| Available data |
---+---

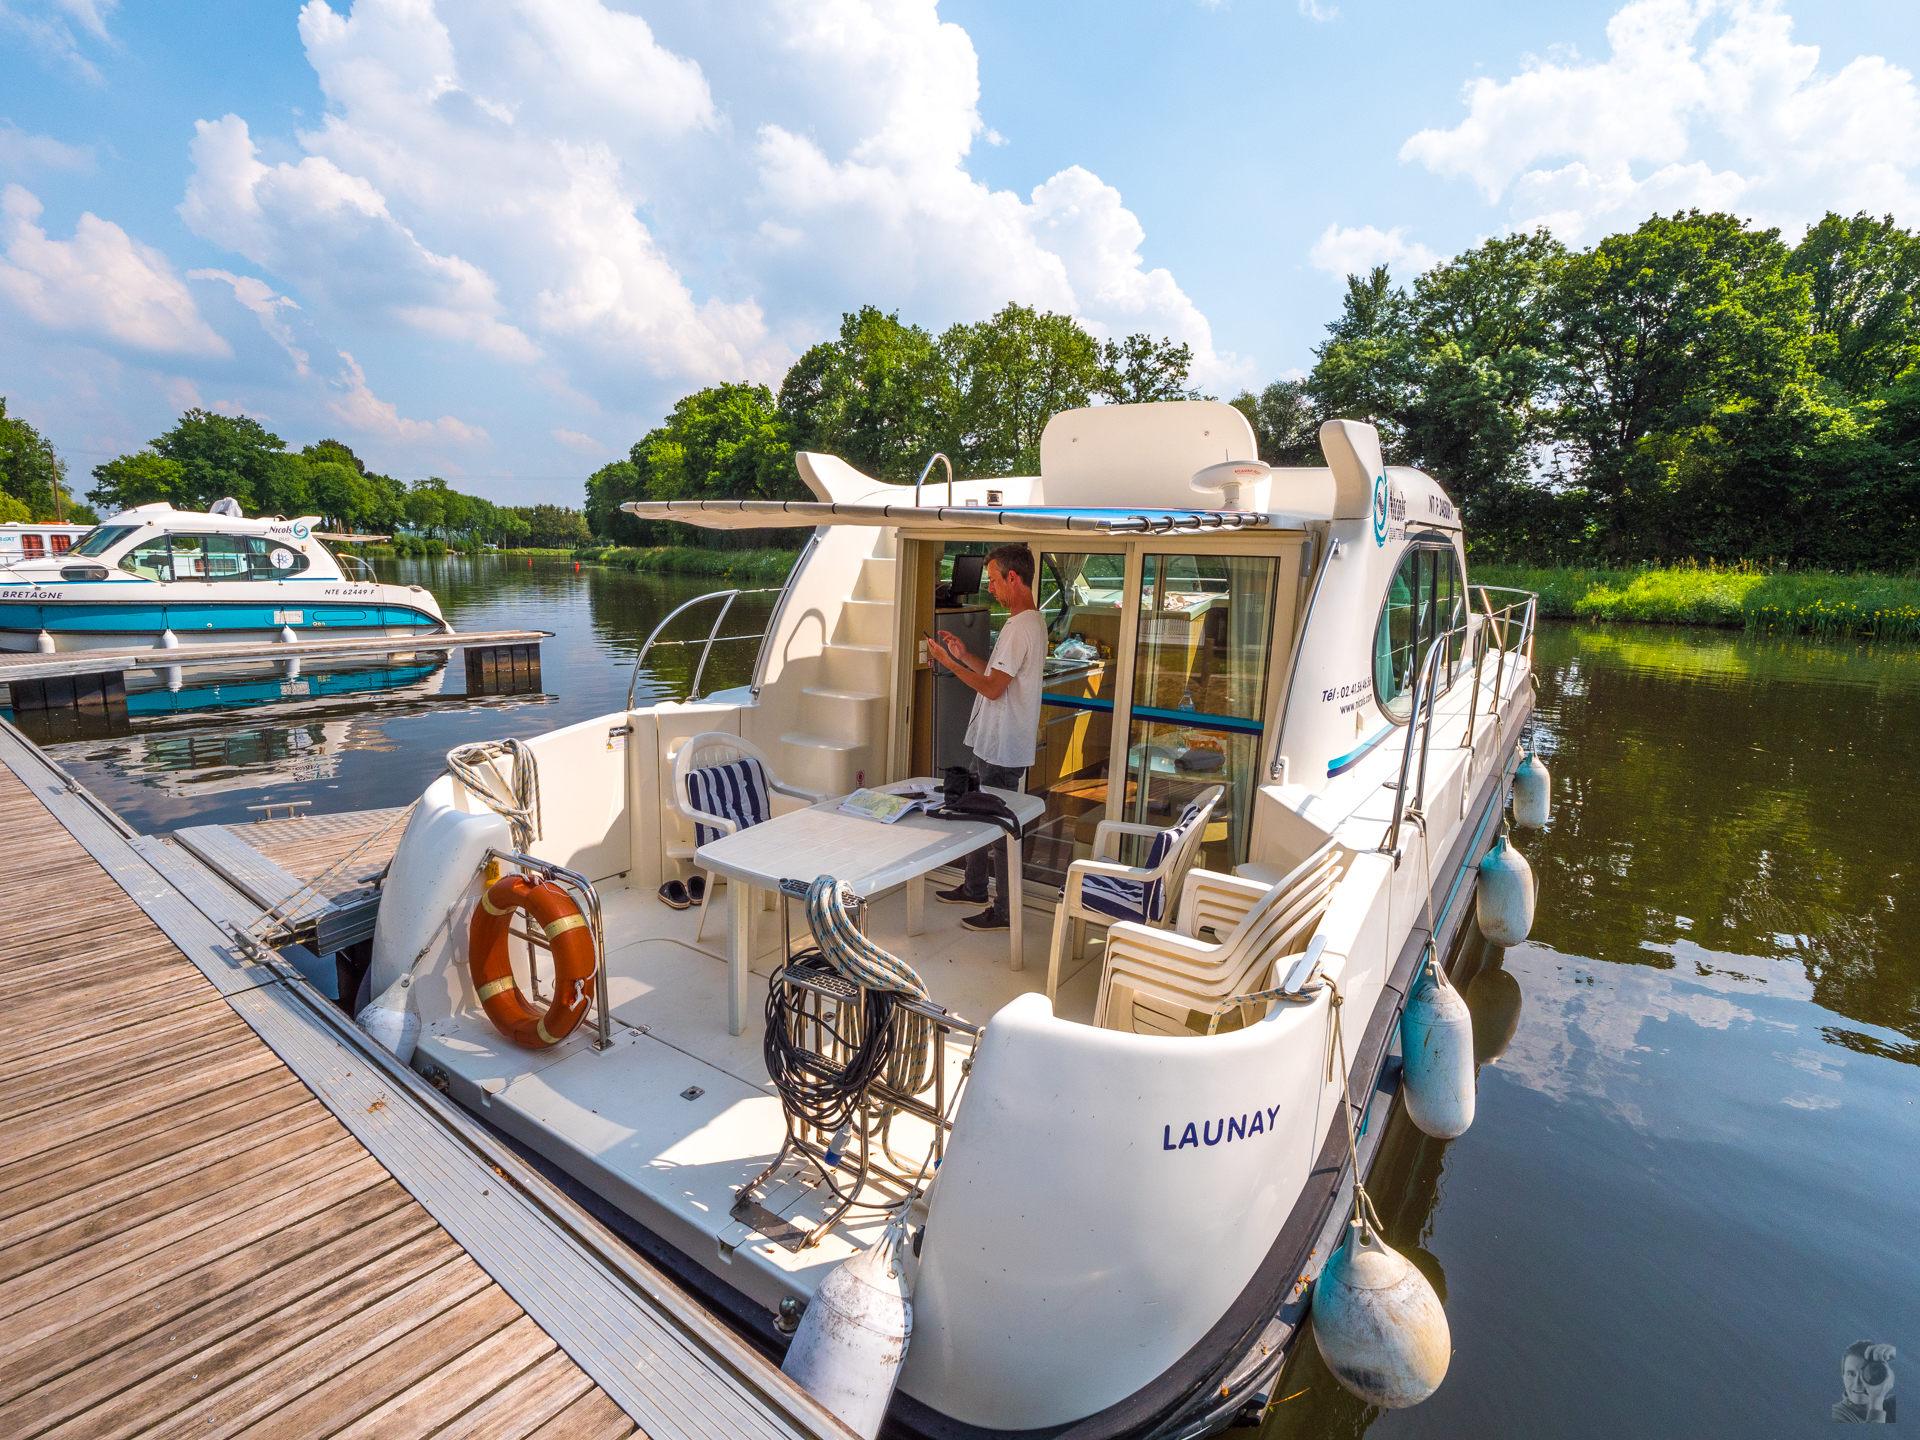 Hausbooturlaub 2018-Glénac/Bretagne-Locaboat Basis in St-Martin-sur-Oust
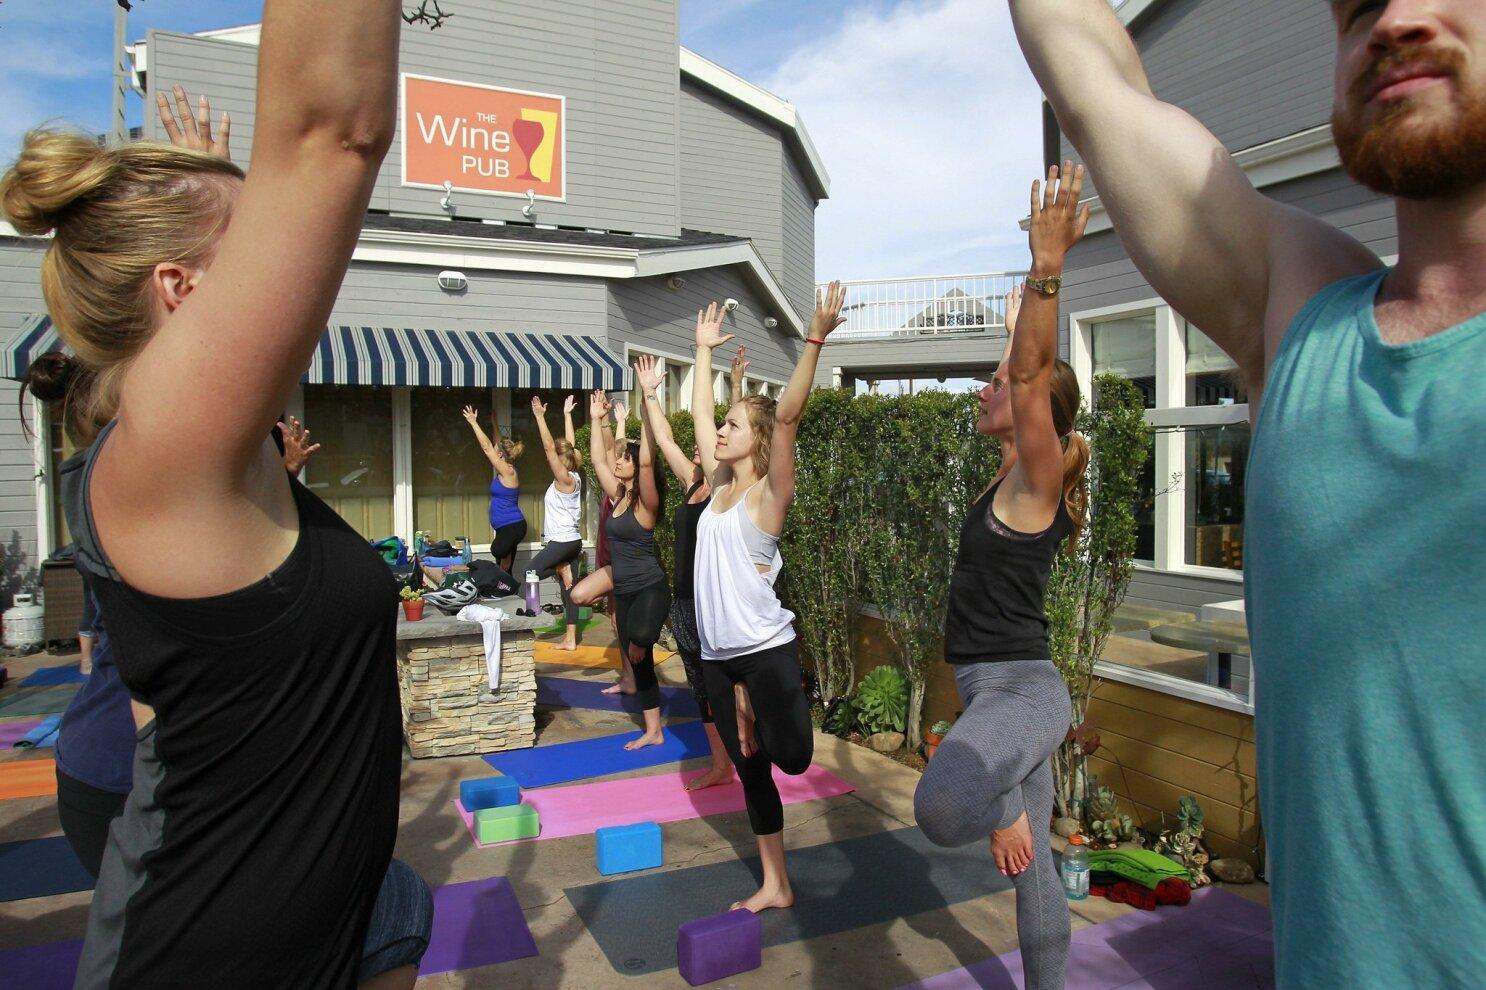 Wine Yoga Classes Come To San Diego The San Diego Union Tribune
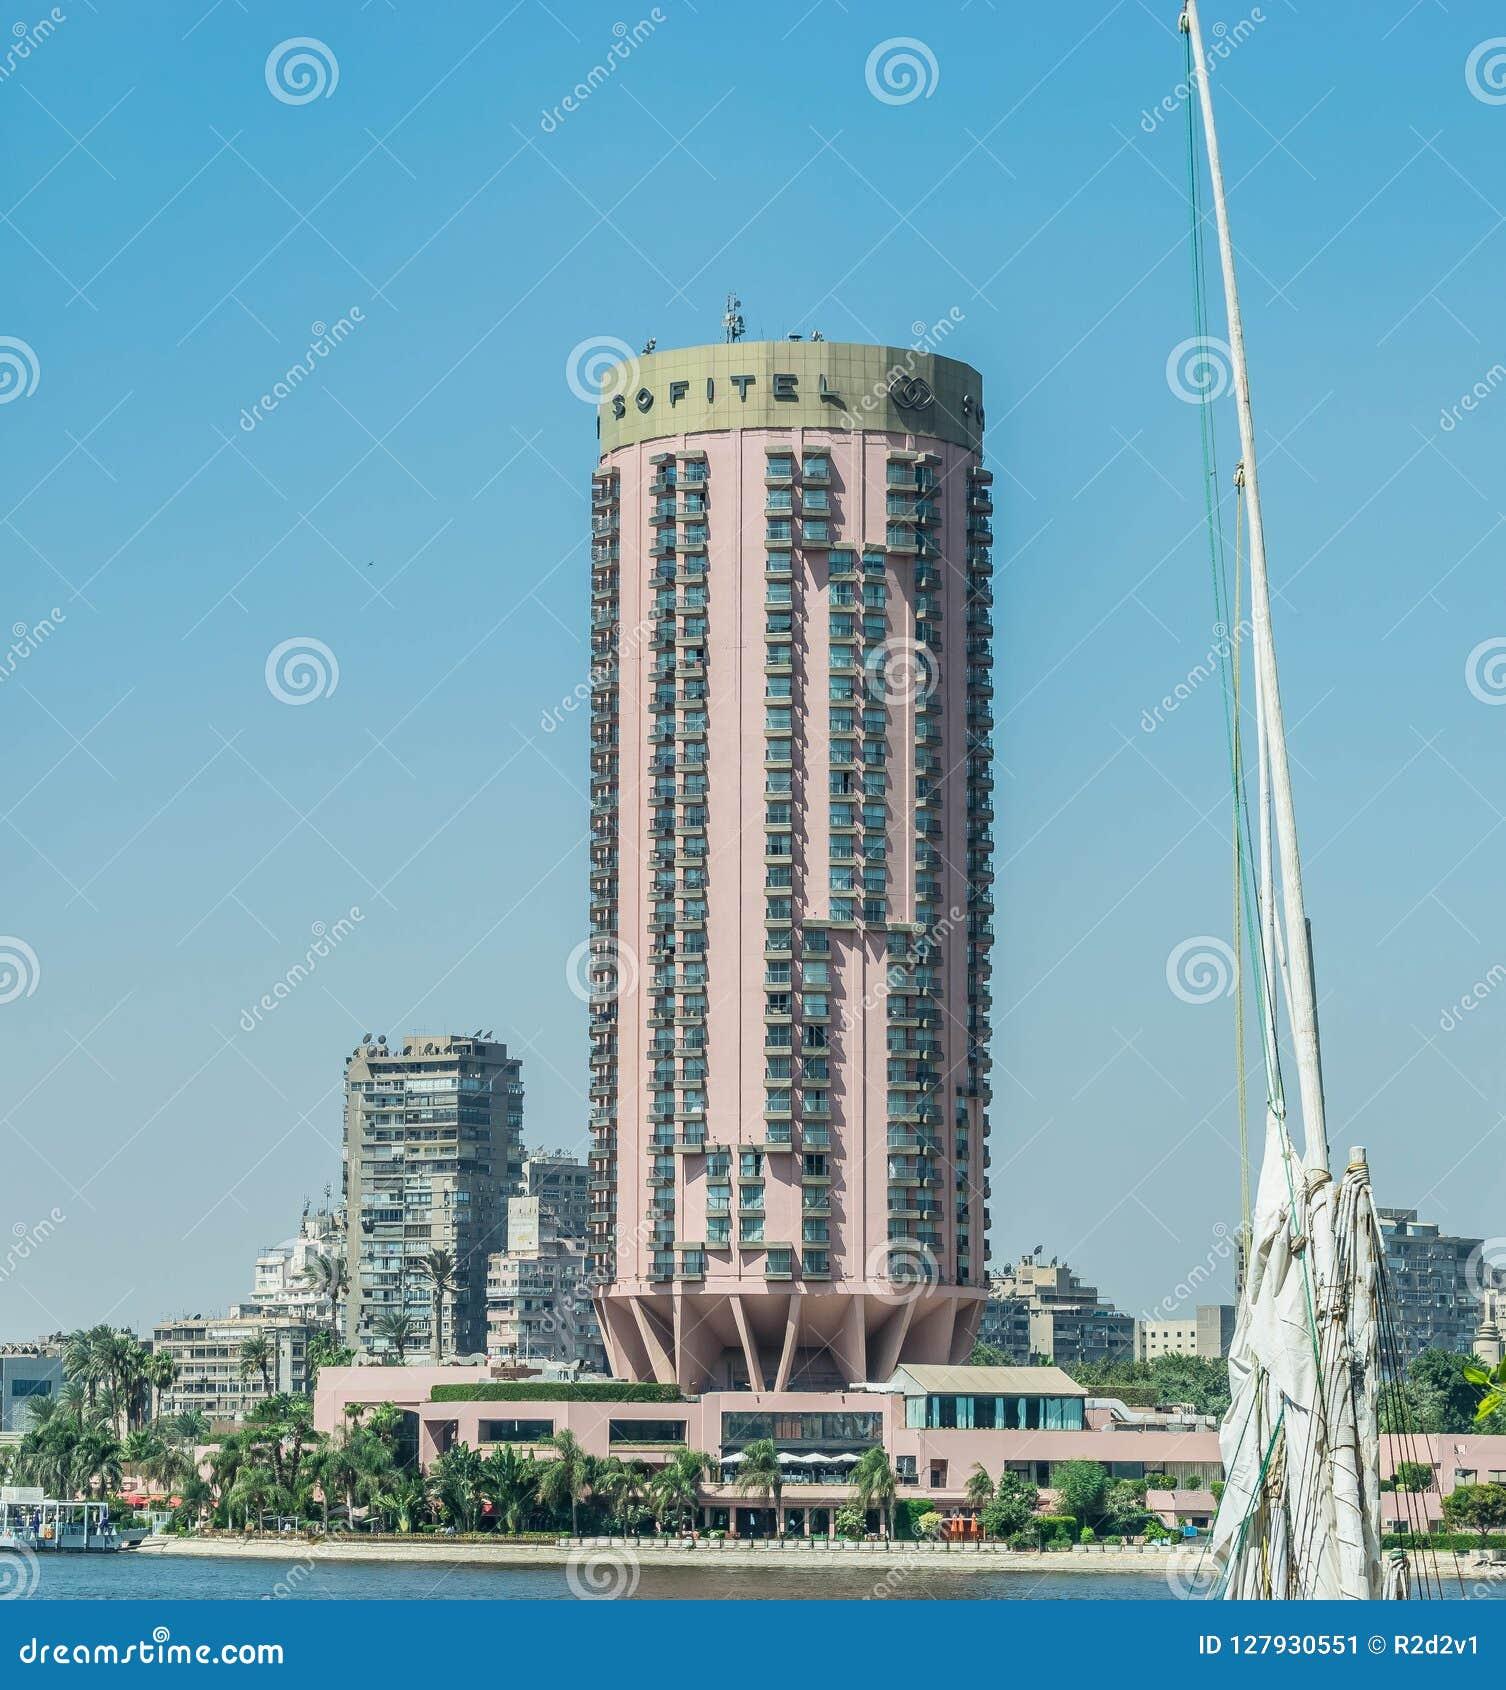 HotellSofitel Kairo Nile El Gezirah

---+---

| Task directions |
Your answer must be the full listing, reproduced word for word, without its pictures.

| Answer to this exercise |
 Hausbooturlaub 2018-Glénac/Bretagne-Locaboat Basis in St-Martin-sur-Oust
 Wine Yoga Classes Come To San Diego The San Diego Union Tribune
 HotellSofitel Kairo Nile El Gezirah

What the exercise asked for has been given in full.